Larry Kudlow, the well-known CNBC commentator, sums up the sentiments of most Republicans regarding the tax bill:
Warts and all, if I were a voting member of Congress, I would certainly cast a “yea” vote for the tax-cut plan passed by the Senate and House and headed for conference (to work out minor differences) in the weeks ahead.
These bills are not perfect, especially on the individual side. But the business tax cuts will generate an investment boom in the years ahead. And those cuts will bring economic growth back to its historical norm of 3 to 4 percent.
There’s an amusing back story as to how the Republican fence-sitters in the Senate were converted to supporting the tax bill. The New York Times, which has become more a Progressive lobbying group than a newspaper with professional standards, organized its readers to bombard the fence-sitters with Times‘ talking points customized to each legislator’s vulnerabilities. A New York Sun editorial tells the story of how the Times‘ advocacy so badly backfired:
“In Mrs. Collins’ case, it focused on Obamacare, telling its readers to the call the senator and ask her to oppose the tax bill because it would repeal Obamacare’s individual mandate. Suddenly, Mrs. Collins realized that the individual mandate was itself a kind of tax. So she voted against a measure she once was for.
“In the case of Senators Flake, McCain, and Moran, the Times’s lobbying focused on the deficit. It warned that the bill would “add more than $1.4 trillion to the deficit over 10 years without helping the middle class.” Did the Times reckon these paragons of parsimony would shrink from adding to the deficit a trillion and a half dollars over a decade? Hah! They had just waltzed through the Obama presidency, when $7.9 trillion was added to the national debt — in a scant seven years.
“Suddenly a light went off in the heads of the wavering senators. If the tax bill would add $1.4 trillion to the deficit over 10 years, that means the amount it was adding to the deficit each year was only $140 billion. For a senator, that’s chicken feed.”
Obamacare is indeed a tax. A famous Supreme Court decision declared it so to save it from being declared unconstitutional and nullified.

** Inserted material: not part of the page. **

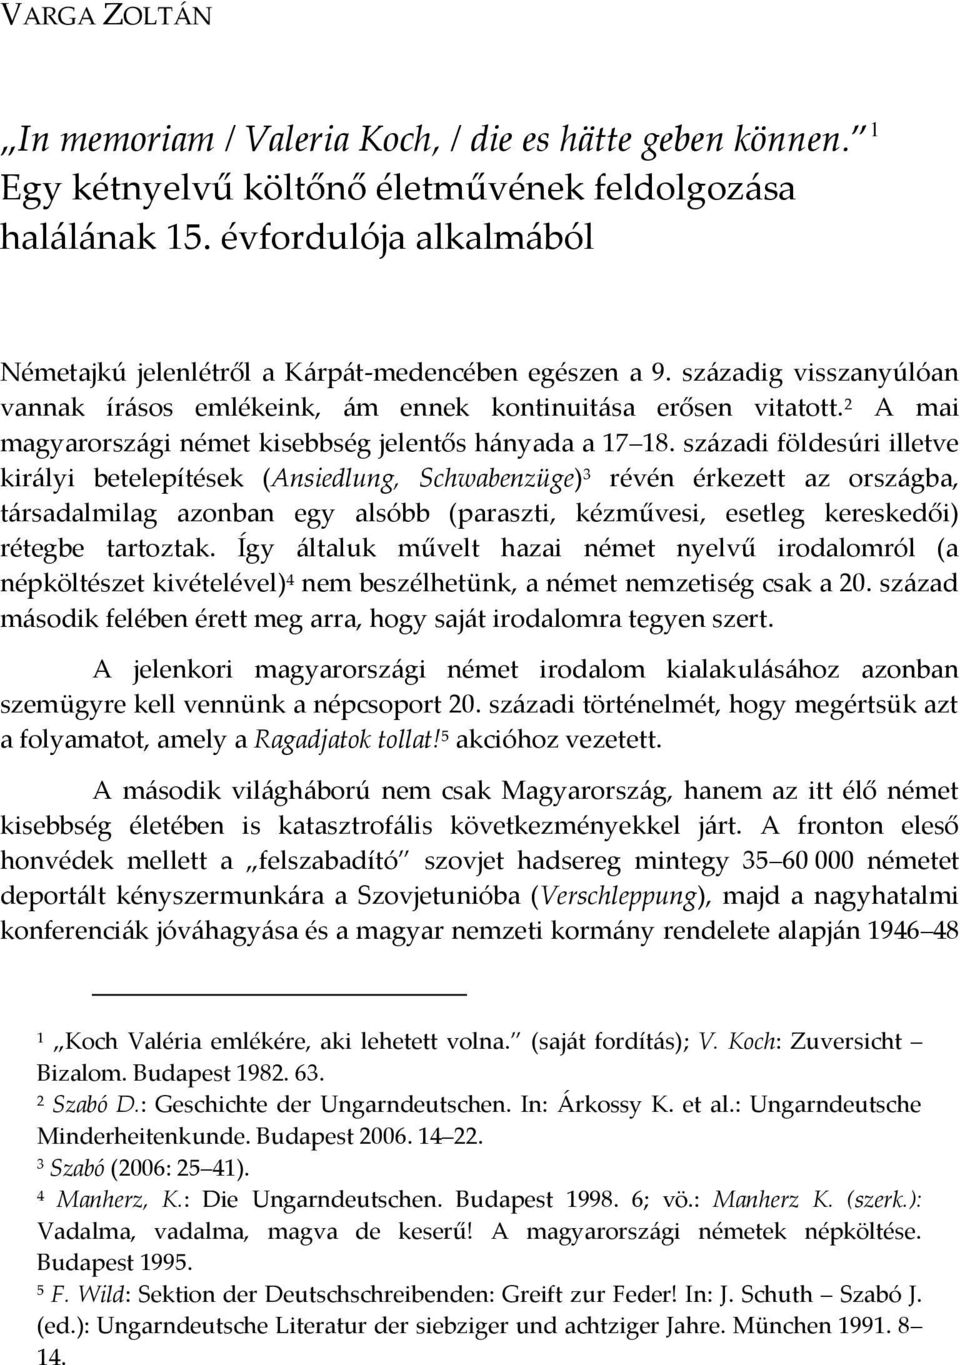 ACTA SZEGEDIENSIA COLLEGII DE ROLANDO EÖTVÖS NOMINATI 2. EÖTVÖZET II. - PDF  Free Download

The just-passed Senate version of the tax bill must now be reconciled with the earlier House version in conference committee. This chart outlines the major difference between the two versions, together with annotations by the Heritage Foundation as to its preferences.
More evidence the Mueller investigation is a political hit job and should be terminated
There have been two important turning points in Special Counsel Mueller’s investigation of alleged Trump campaign collusion with Russia during the 2016 election. The first was Mueller’s indictment of Manafort, timed to steal thunder from the Republican House victory in passing its version of the tax reform bill. The second was Mueller’s announcement that Flynn admitted he was guilty of lying to the FBI. This announcement was timed to undercut the Republican Senate’s victory in enacting its version of the tax reform bill.

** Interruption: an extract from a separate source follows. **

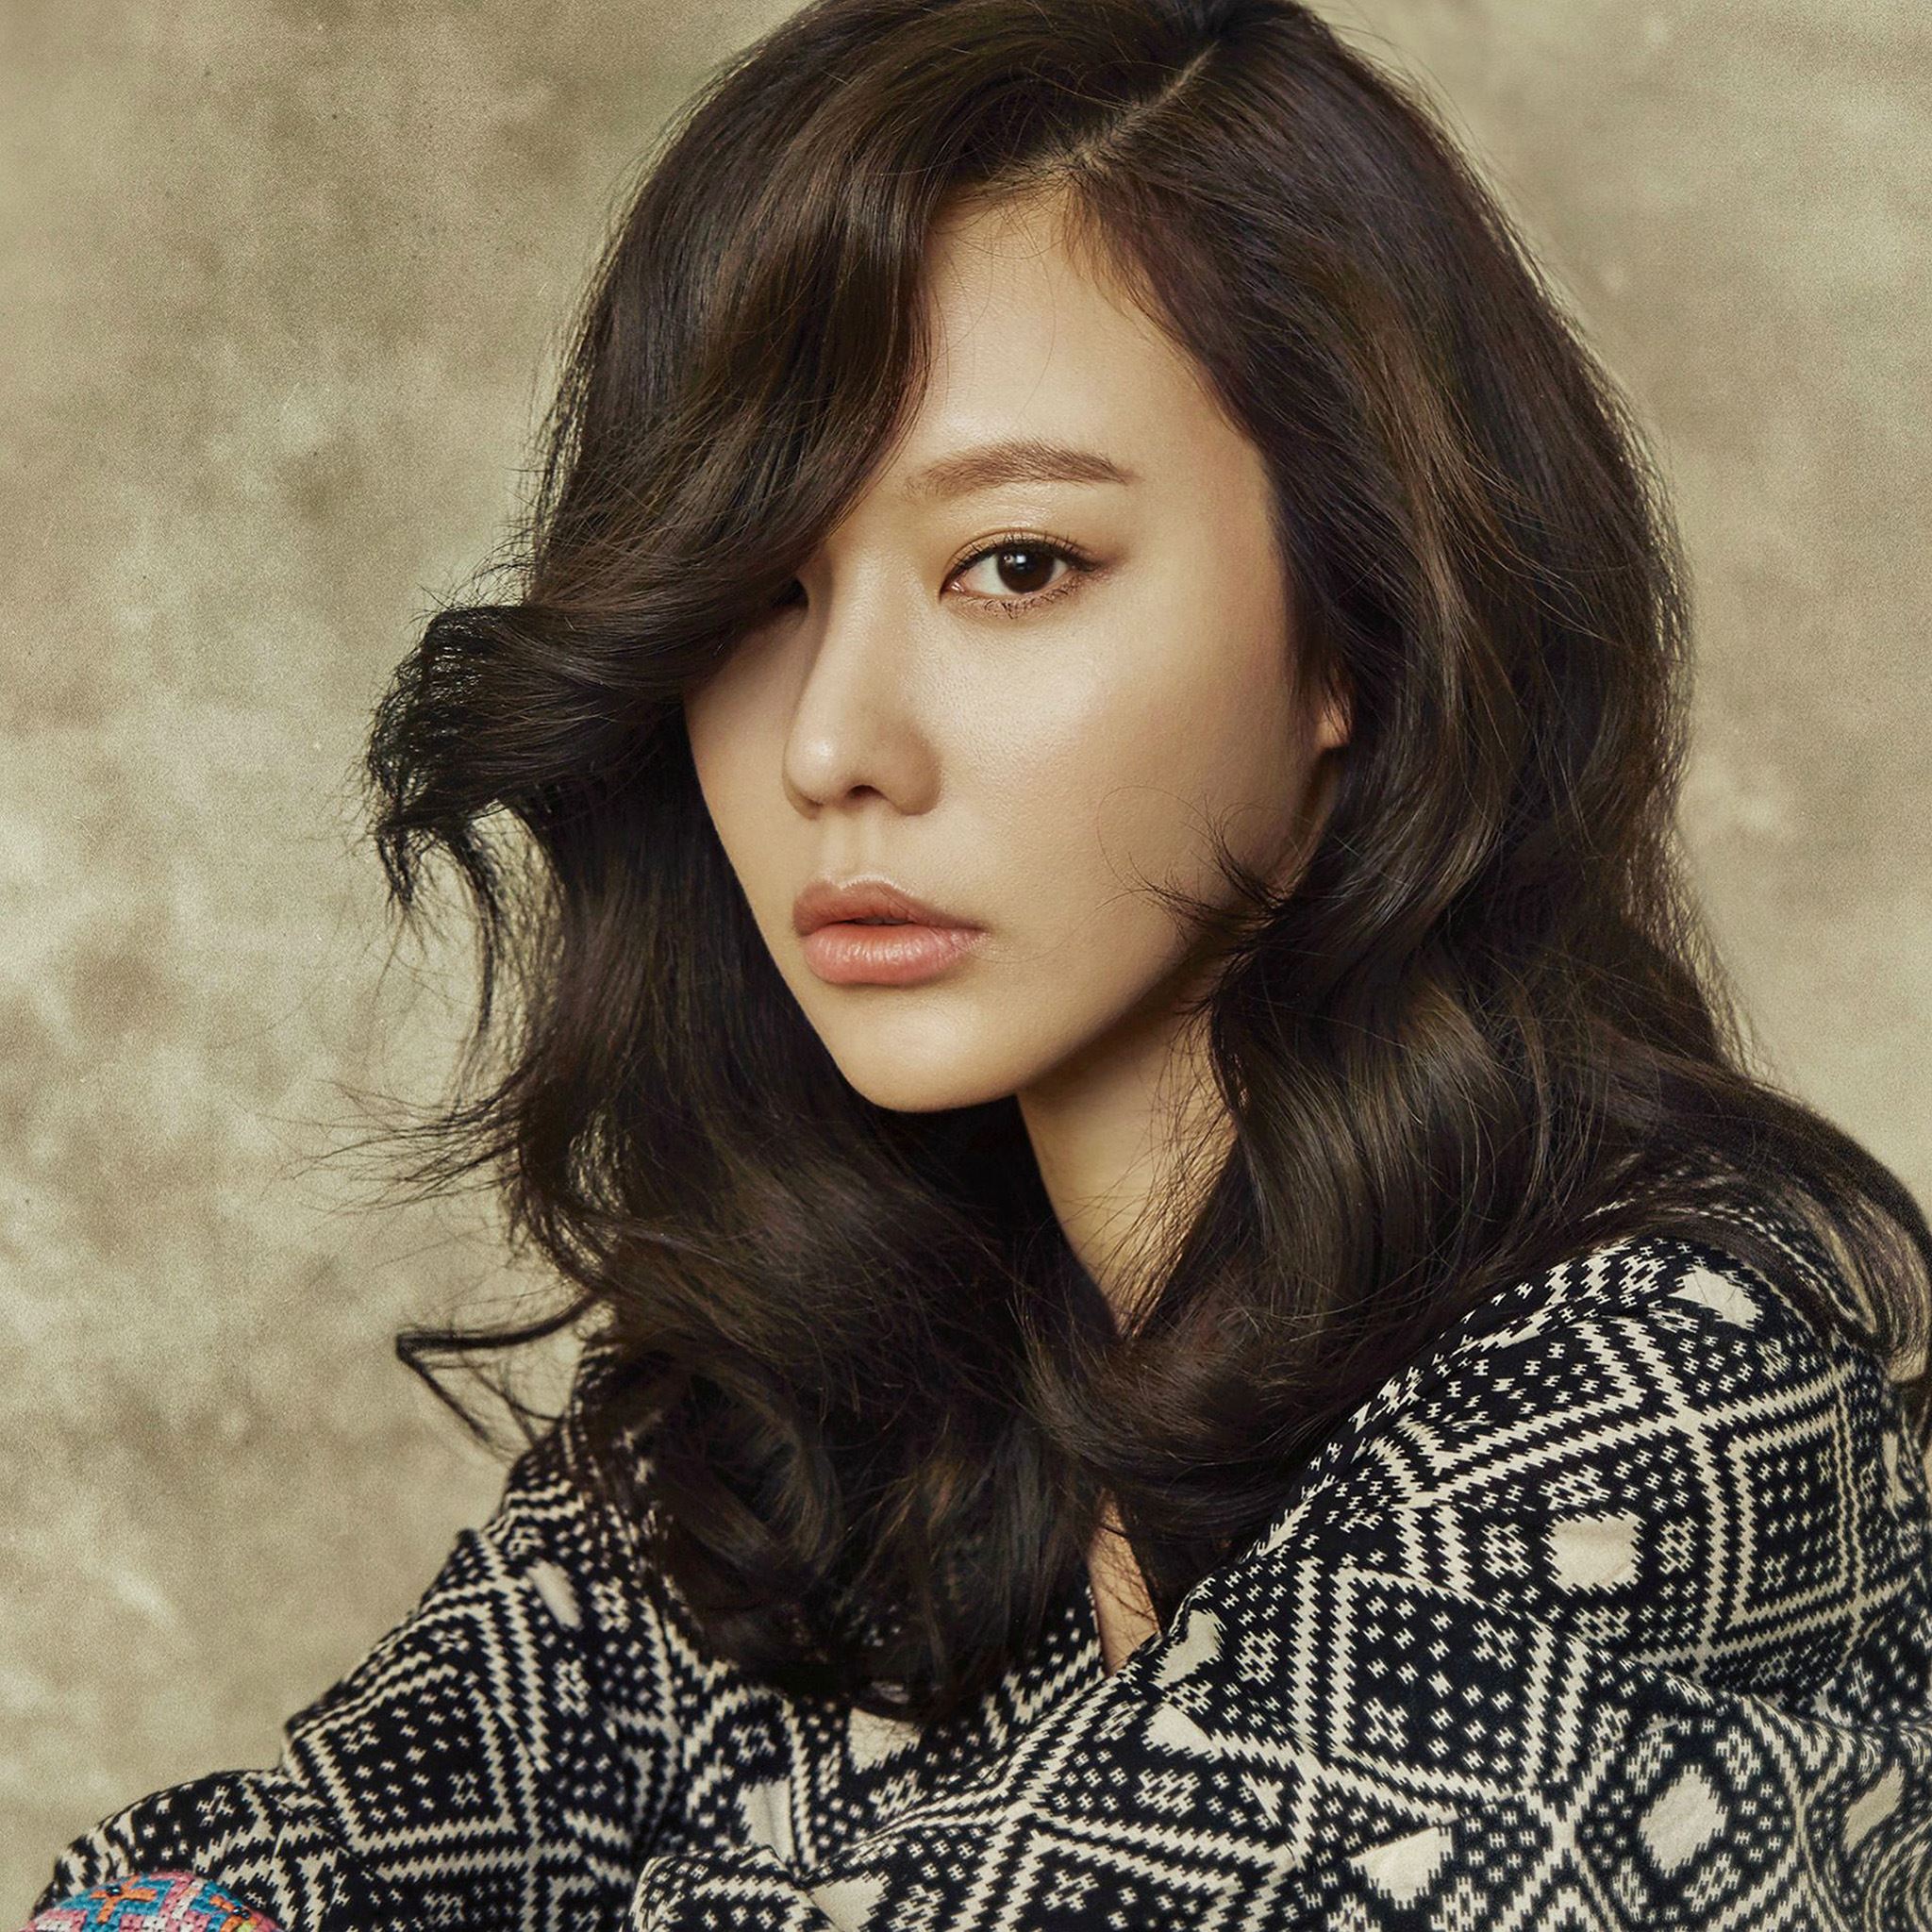 Kpop Girl Film Actress Kim A Joong Cute iPad Air wallpaper

Is Mueller saving his next major announcement for when the House-Senate reconciliation of the separate tax bills is completed?

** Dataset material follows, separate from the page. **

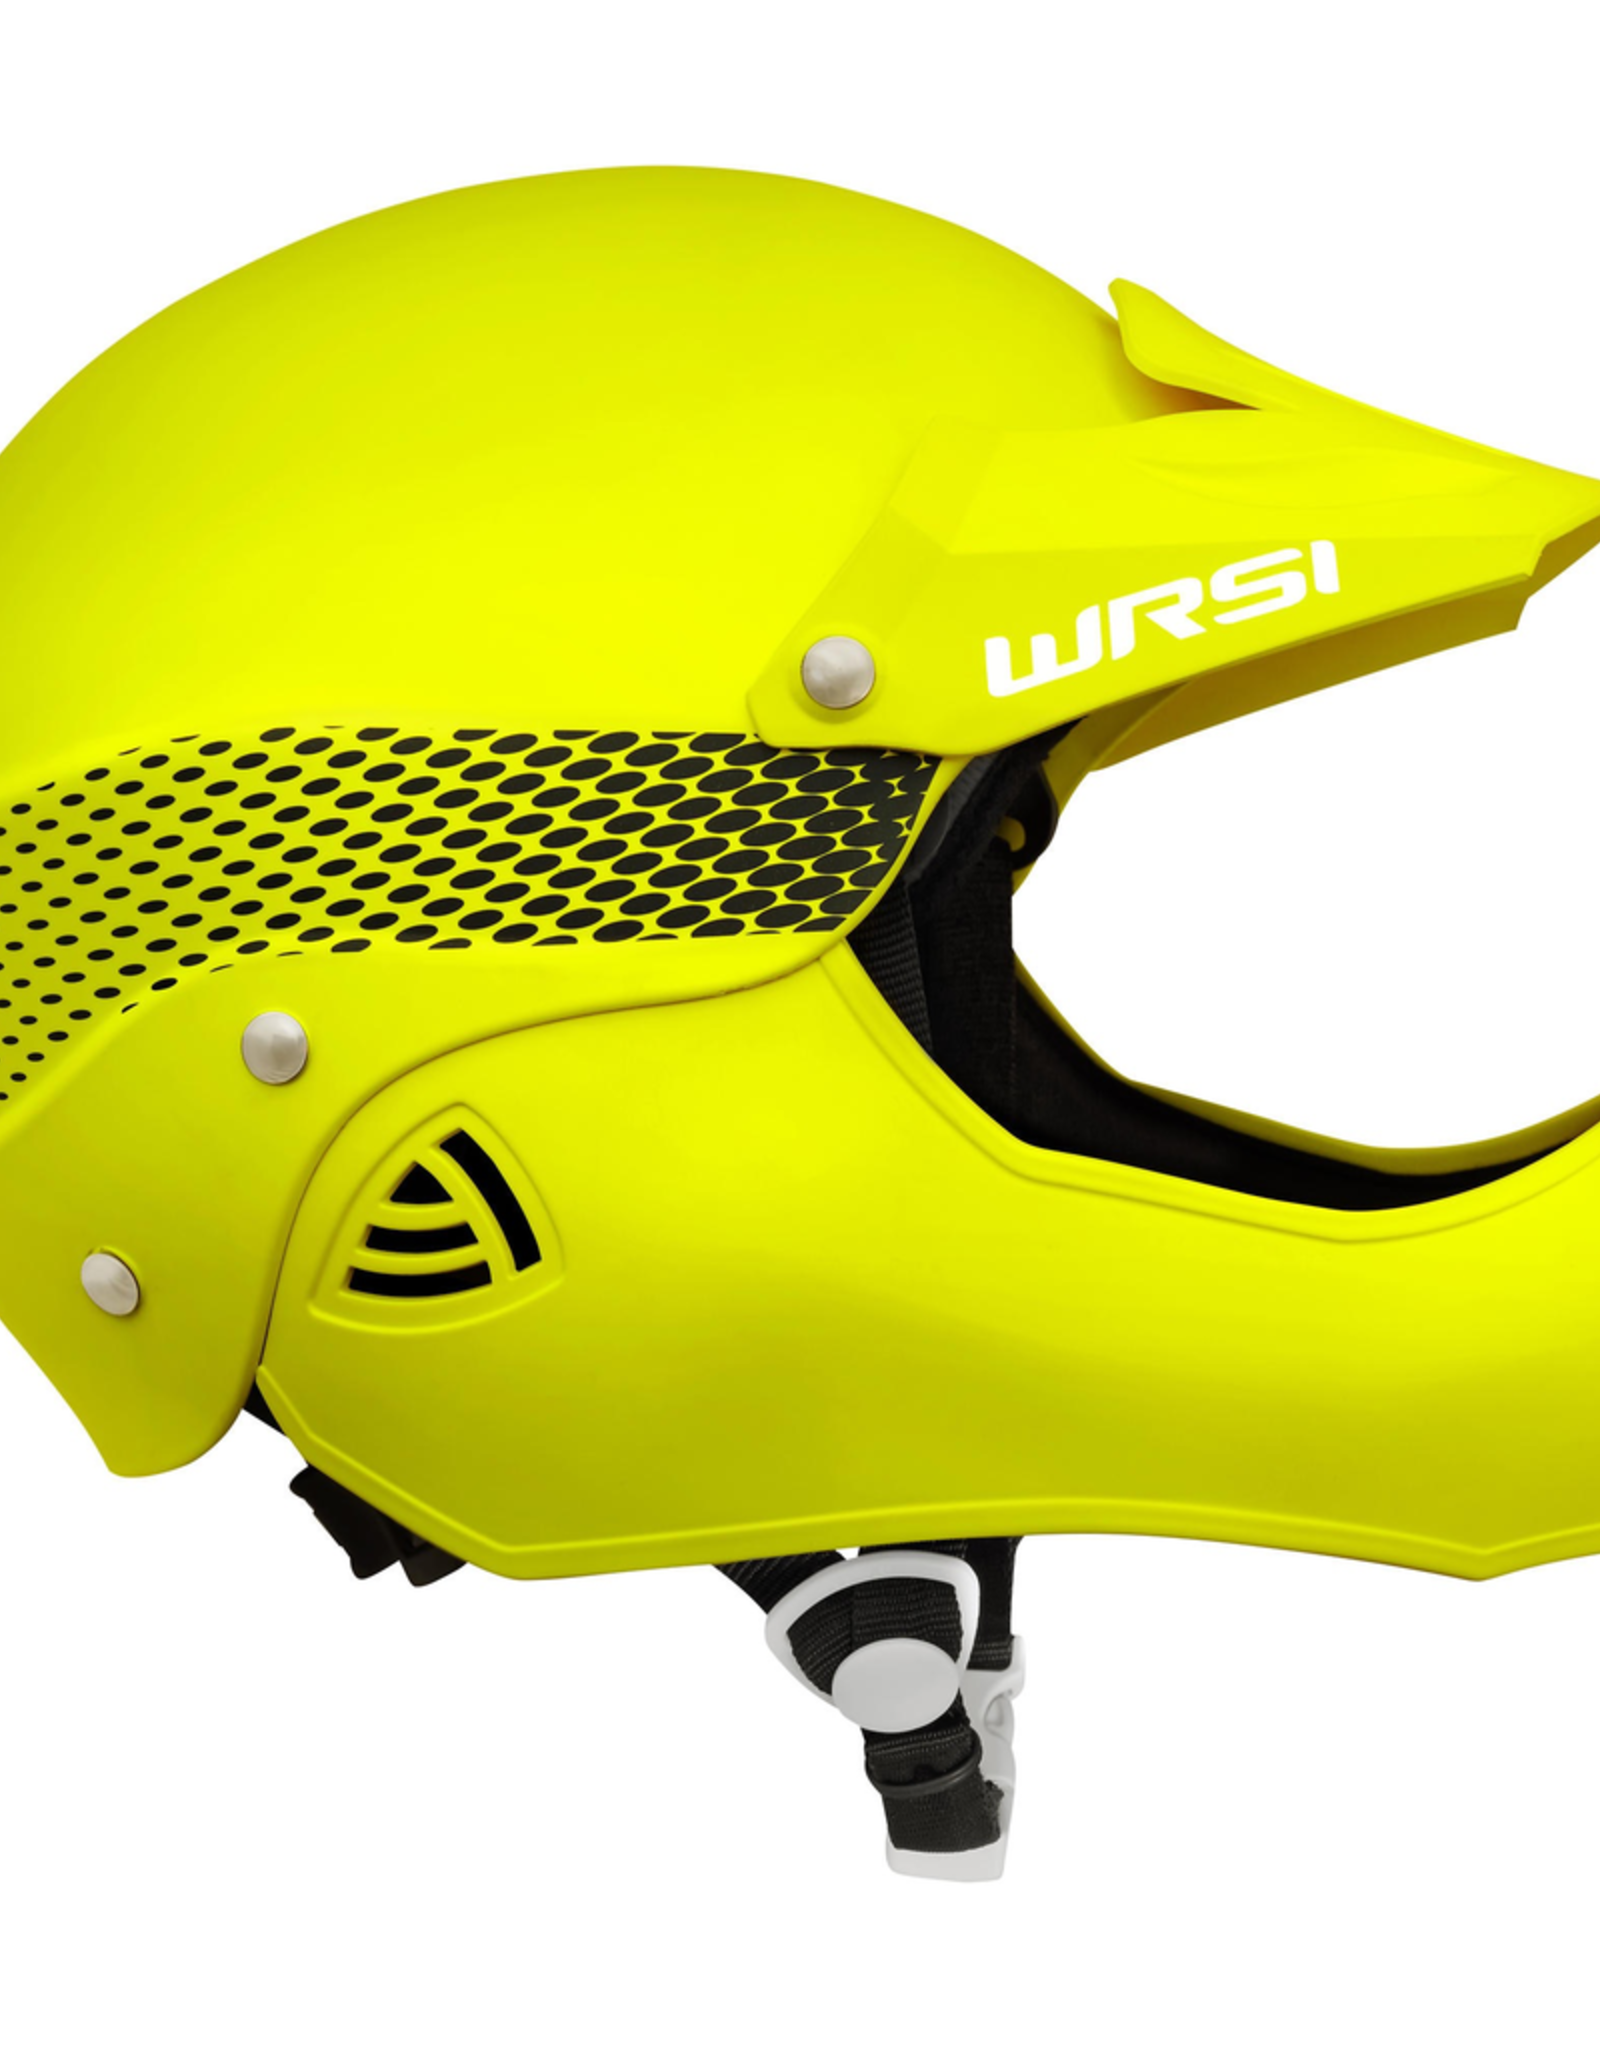 WRSI WRSI Moment Fullface Helmet Without Vents

There are more serious doubts regarding the probity of the Mueller investigation — namely, growing evidence of the Obama administration’s corruption of the FBI and Justice Department and the fact that many of the corrupted officials remain in the FBI to this day.
Although one of these officials, former FBI director Comey, has been fired and is seething with unseemly anger, others, such as Peter Strzok, were removed by Mueller from his investigation only in the face of imminent public exposure of Strzok’s
- Partisan pro-Clinton, anti-Trump views,
- His role in the botched Hillary Clinton email investigation,
- His role in the Russian-sourced anti-Trump Steele dossier, and
- An extra-marital affair he is alleged to have been having with another anti-Trump member of Mueller’s investigatory team.
Mueller and the FBI have been stonewalling every attempt of Congressman Nunes to elicit testimony and documents regarding FBI handling of the Clinton email server and Russian collusion investigations, which raises further suspicions as to what is being concealed.
As for Mueller’s conveniently timed Flynn mea culpa, top defense lawyer Alan Dershowitz ridicules this latest achievement of the Special Counsel.
As for the press impact of Mueller’s Flynn announcement, ABC News’ Brian Ross made a fool of himself by falsely announcing that
“Flynn would testify that Donald Trump had ordered him to make contact with Russians about foreign policy while Trump was still a candidate. The report raised the specter of Trump’s impeachment and sent the stock market plummeting.” (Fox News)
The fake news was picked up and published by other major media until ABC retracted the report later in the day. Ross has since been suspended by ABC for four weeks without pay.